When he was younger, Brandon had often gone out exploring and rock climbing with his brother Trevor, but Trevor was a junior in high school now, and was busy being too cool to hang around much with his little brother. Brandon didn't even invite him on this one. He'd tell Trevor about it later. This would be an adventure for him.
It was an awesome and claustrophobic experience. The mouth, hidden behind boulders on the side of a cliff, was an irregular hole barely large enough to wriggle through. It opened out into a large chamber. Just enough sunlight came in through the narrow opening to show that the floor held the charred logs of burned-out campfires and the shards of several dozen beer bottles. "Hey, we should have brought some beer," Rip said. Shining their flashlights up, they saw the rock walls were covered with spray-painted names and dates. The oldest, "Dave" and "QT," were written in charcoal. Dave and QT, whoever they were, must have been the first to discoverer the cave. At least their signatures, dated 2015, ten years ago, were the earliest dates on the wall.
Out of five of them, two had refused to venture any further into the cave than the distance that they could see the light from the mouth. The remaining three Brandon, Rip, and Kaipo—squeezed through a vertical cleft between two boulders at the back and into the real darkness. Only a few names were painted here, in smaller letters. In twenty feet, the passage had turned enough times that, with their flashlights off, it was pitch dark. "A maze of twisty, narrow passages, all alike," Kaipo said.
It would have been smart of them to have brought a GPS, or even a compass, but they had not originally intended to go far into the cave. But none of the three of them wanted to be the one who suggested turning back. Instead, at each branching they marked their path on the walls with a piece of chalk that Rip had had the foresight to bring.
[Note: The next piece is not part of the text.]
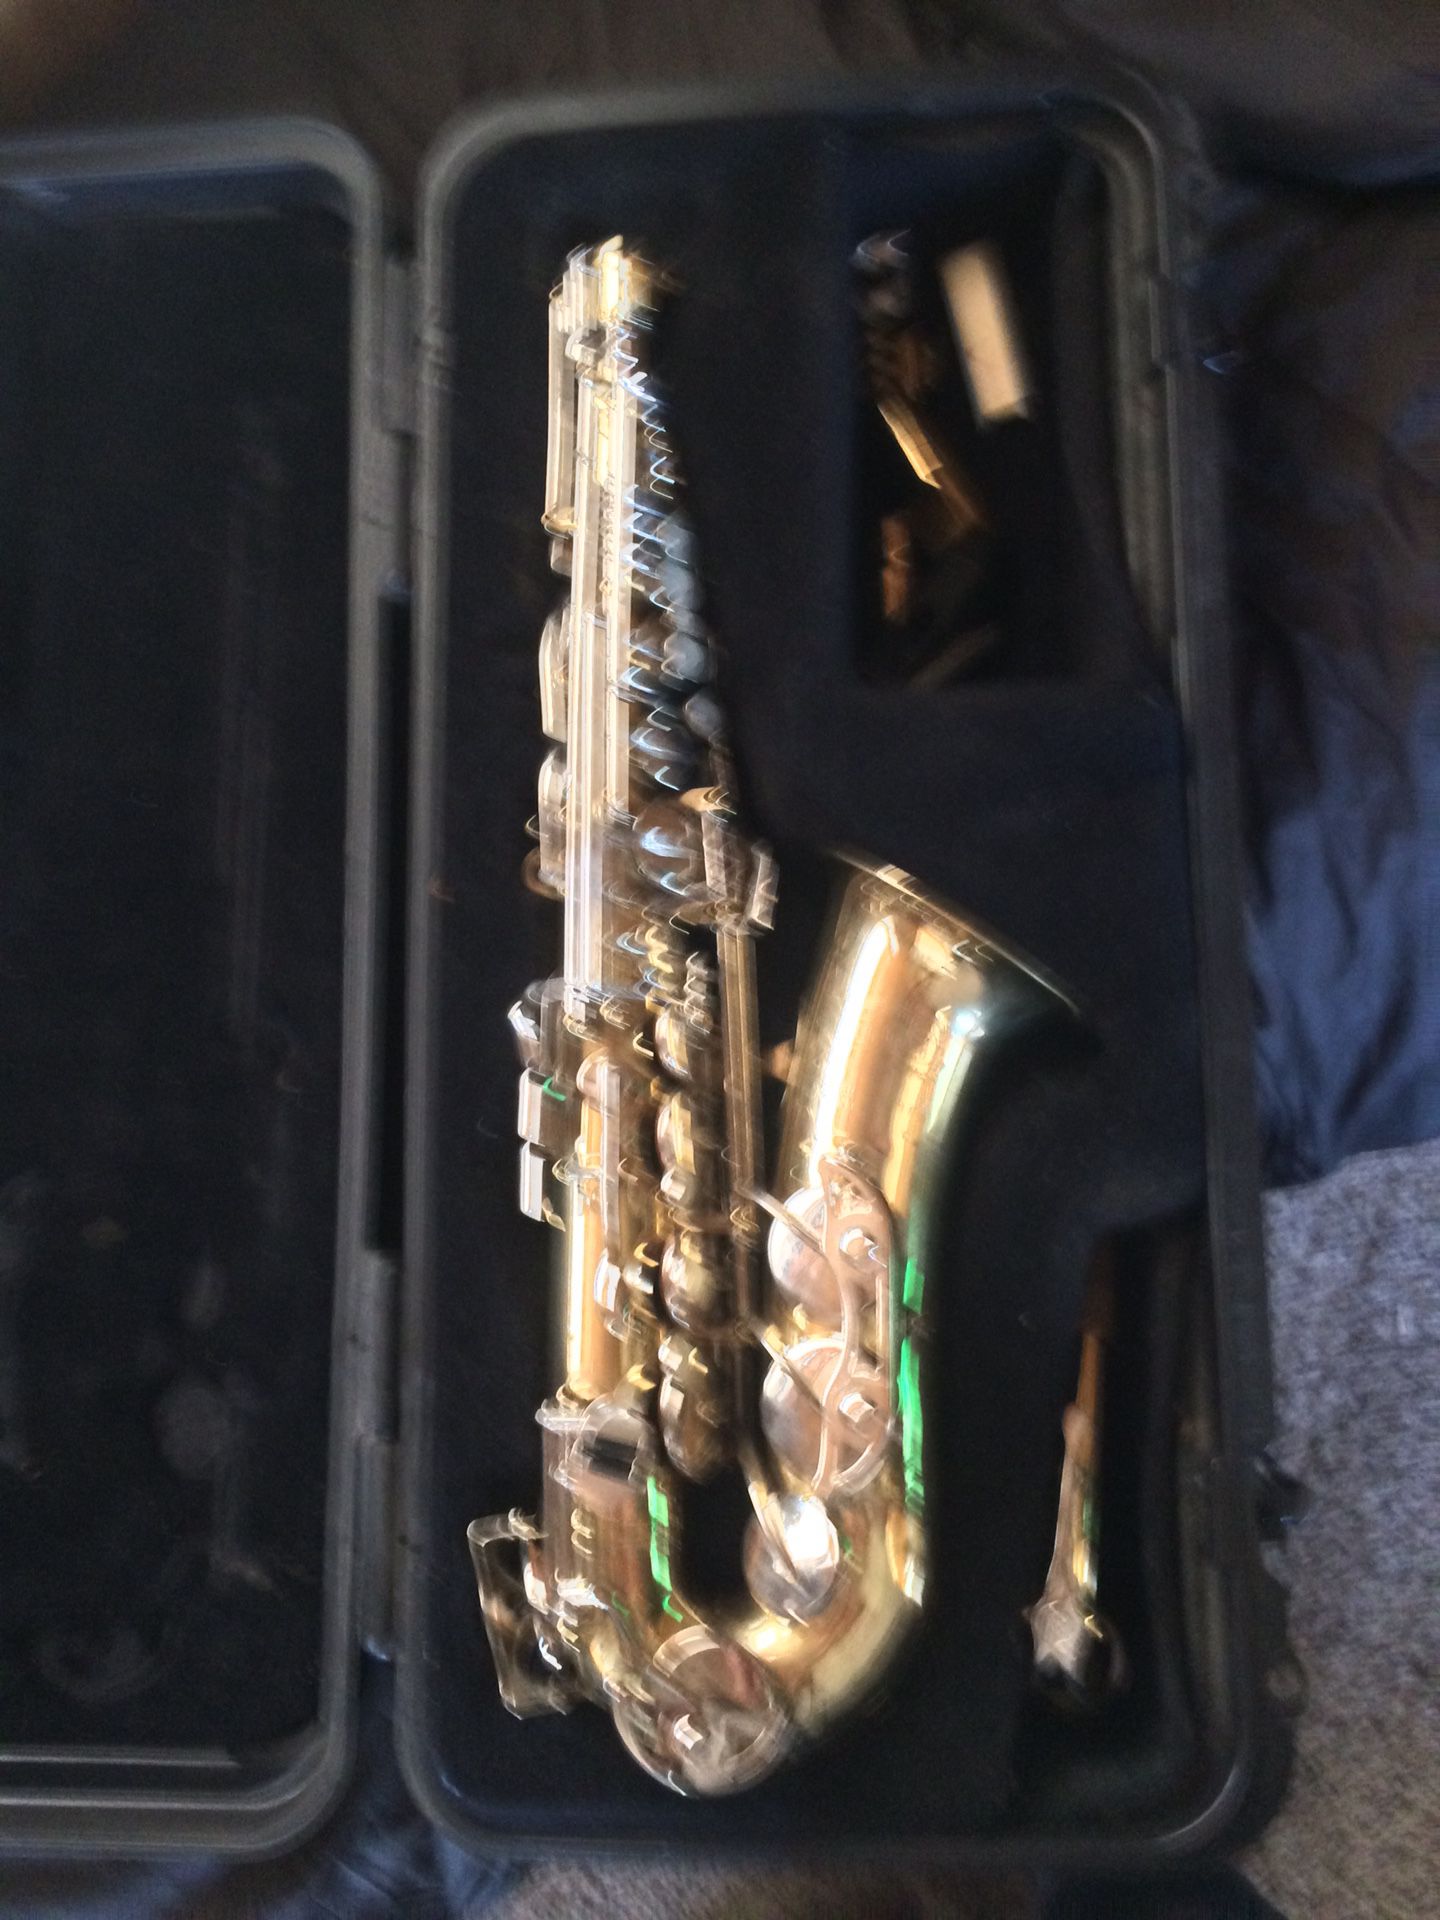 Bundy saxophone

Carlsbad was only a hundred miles or so further on; they had all hoped that the unnamed cave they were exploring might have wonders to rival its vast chambers a
nd arching pillars. But this one seemed to be a labyrinth of rough passages, branching and winding in all directions, only rarely opening into cramped, dome-ceilinged rooms. Sometimes they had to crawl on their bellies, and they never quite dared to stand fully upright. But when one passage came to a blind end, they always found a branch that went on, that might go on to open out into some large chamber just ahead.
After several hours, Kaipo admitted what they had all been thinking: That's enough. Their flashlight beams were growing yellow, and by unspoken agreement they were already beginning to conserve, never shining more than one light at a time. They had better get back while they still had enough light in them to pick out the chalk marks. Rip quickly agreed, and the two of them turned and shone their flashlights back the way they'd come.
"Hey, why are you going that way?" Brandon had asked.
"The chalk marks, you dimwit," Kaipo said.
"But—" He started to point, and then suddenly realized that it was senseless for him to point when none of them were shining their flashlights in his direction. "The entrance is just a little way over here," he concluded.
"No way," Kaipo said. "We're miles away from the entrance by now."
"You're lost, Brandon," Rip said.
"The hell I am."
In the end, he convinced them to follow him a little way farther, probably for no other reason than that they wanted to gloat over him when he failed to get to the entrance. A hundred feet farther, they came into the chamber with the graffiti.
It had seemed no big deal to him. Over several hours, and several miles underground, through twisting passages, Brandon had always known unerringly where he was. On the surface of the Earth, for his entire seventeen years of life, Brandon's sense of direction had never failed him, not even for a moment.